Create an aggregated variable that combines BMI >= 30 and smoking: looks at interaction effect of two unhealthful characteristics (obesity and smoking) to see if the presence of both is likely to contribute more to the outcome than each alone.

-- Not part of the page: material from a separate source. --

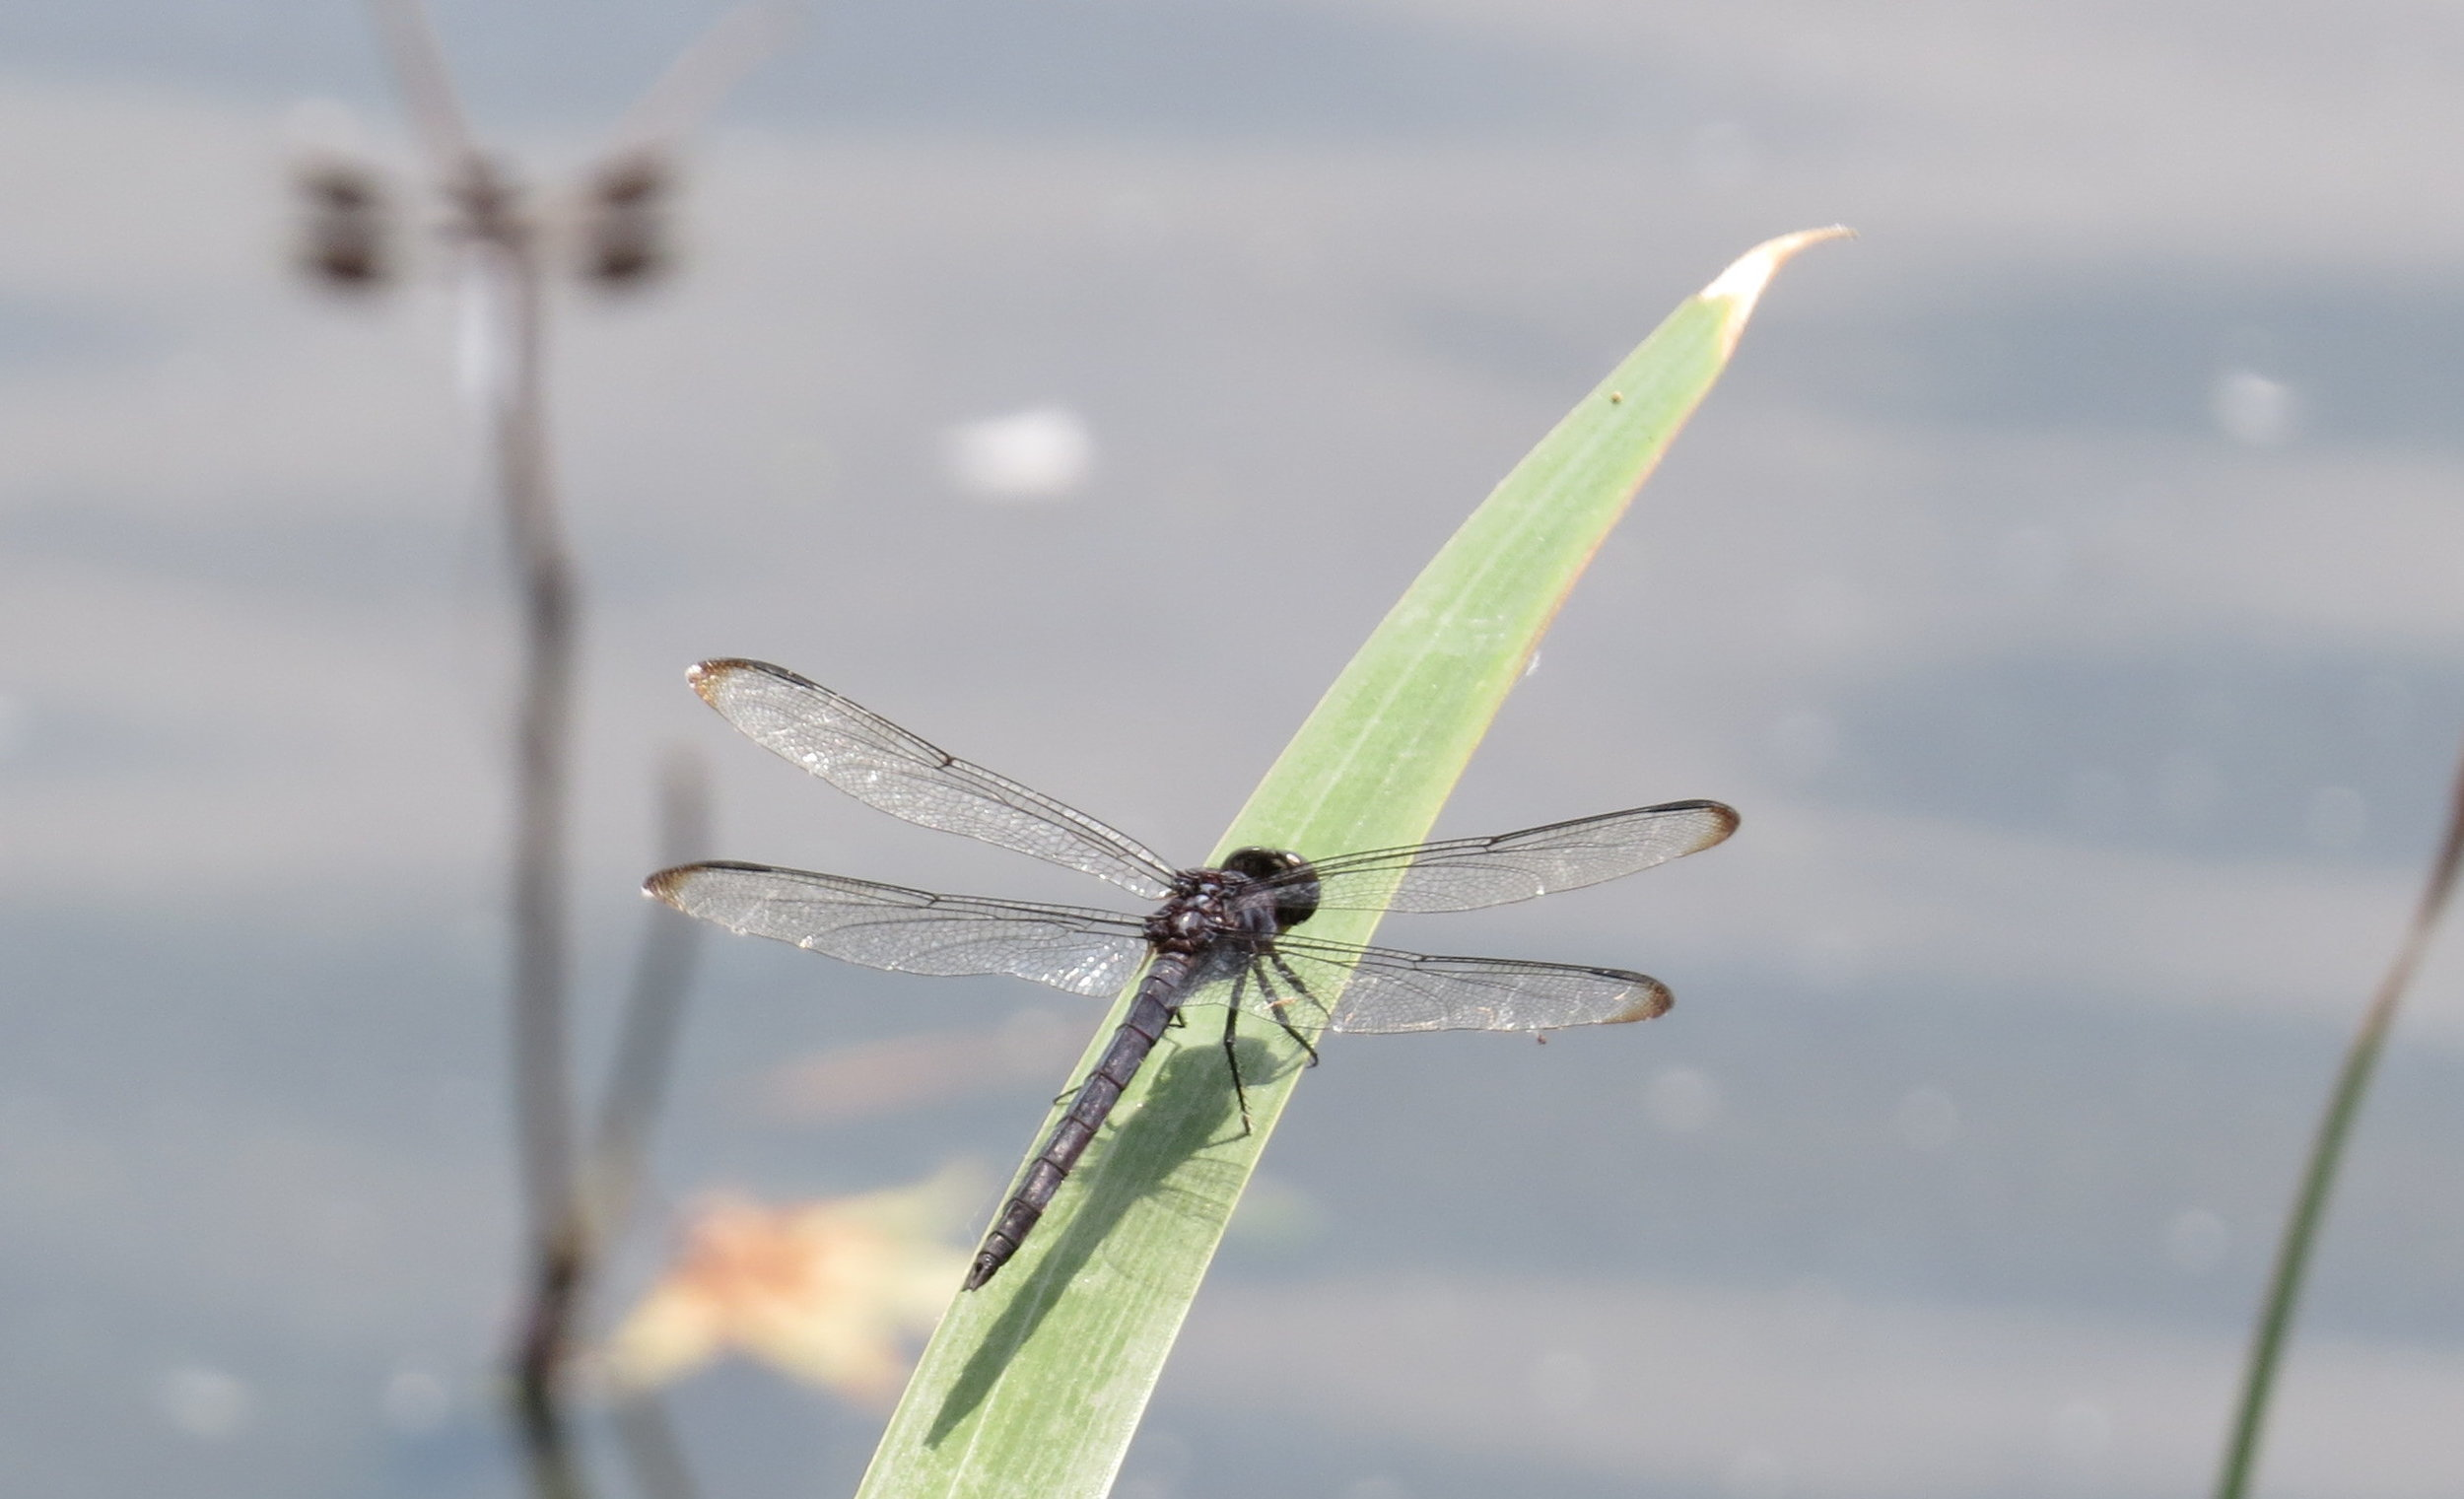 Dragonflies rest
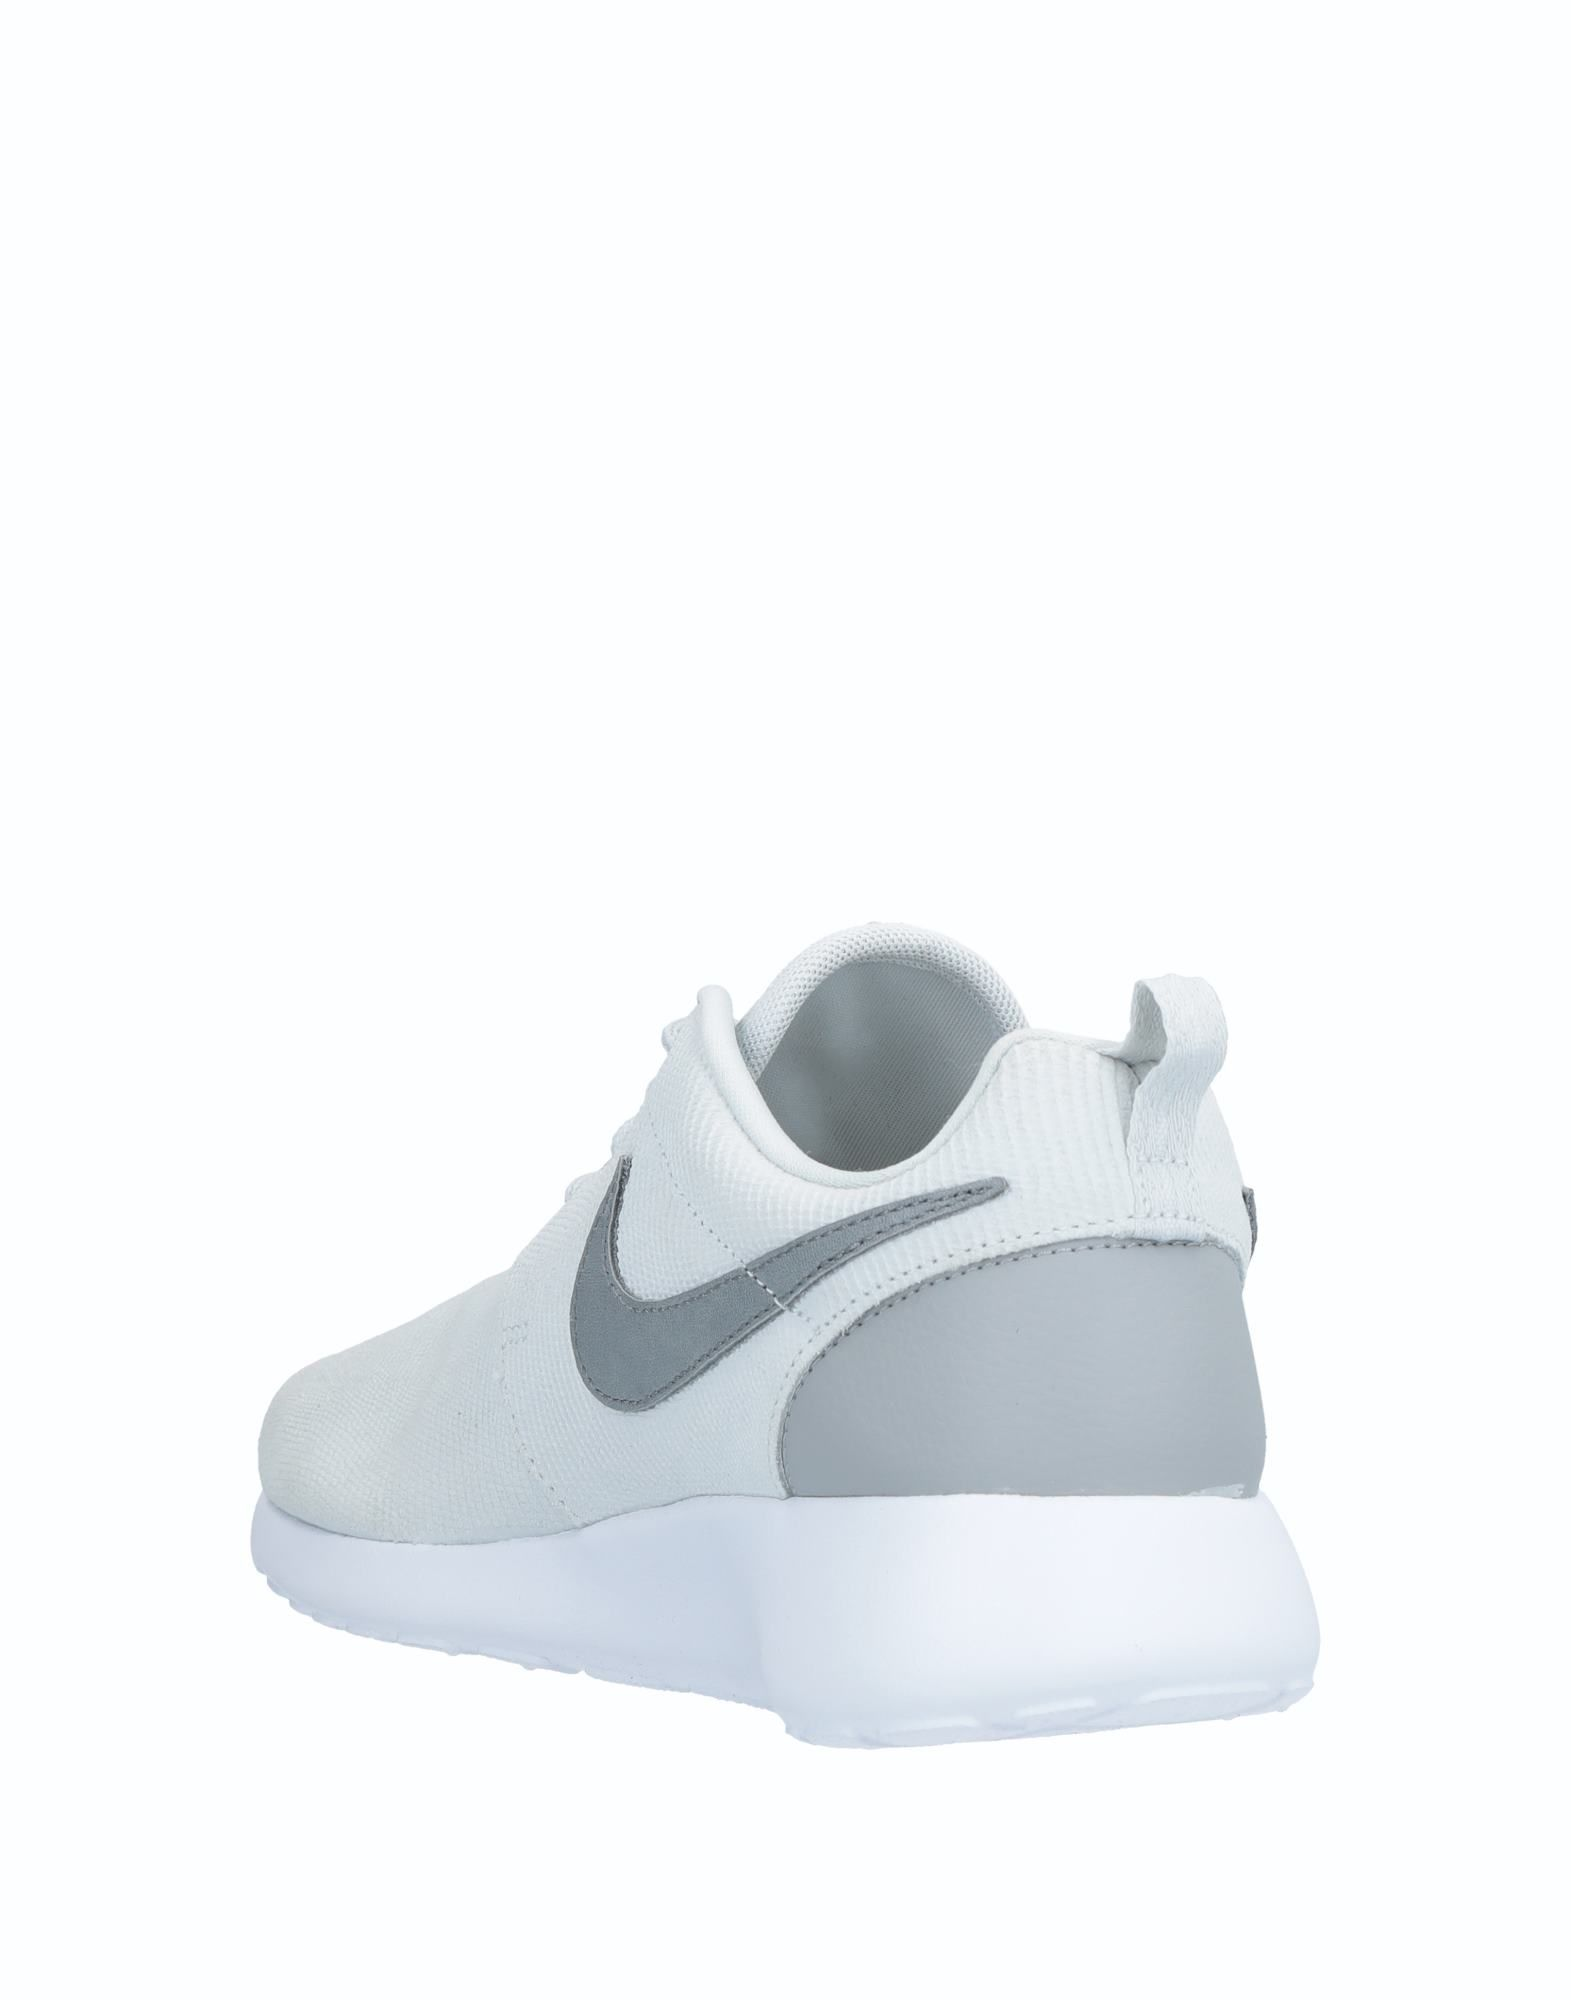 Nike Sneakers Damen  Qualität 11537692LJ Gute Qualität  beliebte Schuhe 4c11ac

These changes made, rerun the model:
## Step 5: Improving model performance ----
# add a higher-order "age" term
insurance$age2 <- insurance$age^2
# add an indicator for BMI >= 30
insurance$bmi30 <- ifelse(insurance$bmi >= 30, 1, 0)
# create final model
ins_model2 <- lm(expenses ~ age + age2 + children + bmi + sex +
bmi30*smoker + region, data = insurance)
summary(ins_model2)
##
## Call:
## lm(formula = expenses ~ age + age2 + children + bmi + sex + bmi30 *
## smoker + region, data = insurance)
##
## Residuals:
## Min 1Q Median 3Q Max
## -17297.1 -1656.0 -1262.7 -727.8 24161.6
##
## Coefficients:
## Estimate Std. Error t value Pr(>|t|)
## (Intercept) 139.0053 1363.1359 0.102 0.918792
## age -32.6181 59.8250 -0.545 0.585690
## age2 3.7307 0.7463 4.999 6.54e-07 ***
## children 678.6017 105.8855 6.409 2.03e-10 ***
## bmi 119.7715 34.2796 3.494 0.000492 ***
## sexmale -496.7690 244.3713 -2.033 0.042267 *
## bmi30 -997.9355 422.9607 -2.359 0.018449 *
## smokeryes 13404.5952 439.9591 30.468 < 2e-16 ***
## regionnorthwest -279.1661 349.2826 -0.799 0.424285
## regionsoutheast -828.0345 351.6484 -2.355 0.018682 *
## regionsouthwest -1222.1619 350.5314 -3.487 0.000505 ***
## bmi30:smokeryes 19810.1534 604.6769 32.762 < 2e-16 ***
## ---
## Signif. codes: 0 '***' 0.001 '**' 0.01 '*' 0.05 '.' 0.1 ' ' 1
##
## Residual standard error: 4445 on 1326 degrees of freedom
## Multiple R-squared: 0.8664, Adjusted R-squared: 0.8653
## F-statistic: 781.7 on 11 and 1326 DF, p-value: < 2.2e-16
This model is significantly better. The RSE has decreased from about 6,070 to 4,445 on 1,326 degrees of freedom; the Multiple- and Adjusted R-Squared values have gone up significantly, to around 0.866. The F-statistic is around 782, which is a decrease from the last model. This model has several insignificant variables (bmi, sex, region), so we will try one more model removing them, and see where we end up.
# create final model
ins_model2.5 <- lm(expenses ~ age + age2 + children +
bmi30*smoker, data = insurance)
summary(ins_model2.5)
##
## Call:
## lm(formula = expenses ~ age + age2 + children + bmi30 * smoker,
## data = insurance)
##
## Residuals:
## Min 1Q Median 3Q Max
## -18718.8 -1641.7 -1313.8 -846.4 23799.7
##
## Coefficients:
## Estimate Std. Error t value Pr(>|t|)
## (Intercept) 2237.3824 1083.9103 2.064 0.0392 *
## age -24.5114 60.2871 -0.407 0.6844
## age2 3.6643 0.7524 4.870 1.25e-06 ***
## children 669.3870 106.6878 6.274 4.74e-10 ***
## bmi30 42.3929 276.9065 0.153 0.8783
## smokeryes 13389.6763 442.5871 30.253 < 2e-16 ***
## bmi30:smokeryes 19759.1124 608.6309 32.465 < 2e-16 ***
## ---
## Signif. codes: 0 '***' 0.001 '**' 0.01 '*' 0.05 '.' 0.1 ' ' 1
##
## Residual standard error: 4483 on 1331 degrees of freedom
## Multiple R-squared: 0.8636, Adjusted R-squared: 0.8629
## F-statistic: 1404 on 6 and 1331 DF, p-value: < 2.2e-16
Our final result has an RSE of 4,483 on 1,331 degrees of freedom, Multiple- and Adjusted R-squared values around 0.863, and an F-statistic of 1,404 on 6 and 1,331 degrees of freedom. All variables except age (retained as polynomial regression variable with age^2) and bmi30 (retained to uphold the hierarchical principle) have p-values < 0.001.
Another look at the results from the four runs in chronolical order (all models had p-values <<< 0.05):
| Model | RSE (DF) | R-sq | Adj R-sq | F-stat (DF) |
|---|---|---|---|---|
| 1 | 6062 (1329) | .7509 | .7494 | 501 ( 8/1329) |
| 2 | 6068 (1333) | .7497 | .749 | 998 ( 4/1333) |
| 3 | 4445 (1326) | .8664 | .8653 | 782 (11/1326) |
| 4 | 4483 (1331) | .8636 | .8629 | 1404 (6/1331) |
On the basis of the highest R-squared values and lowest RSE, the third model performed better; however in terms of parsimony, the size of the difference between the R-sq and Adj R-sq scores and a much higher F-statistic, the final model might slightly edge it out. The difference between the two may or may not be significant.
It is these subtleties with which I have difficulty.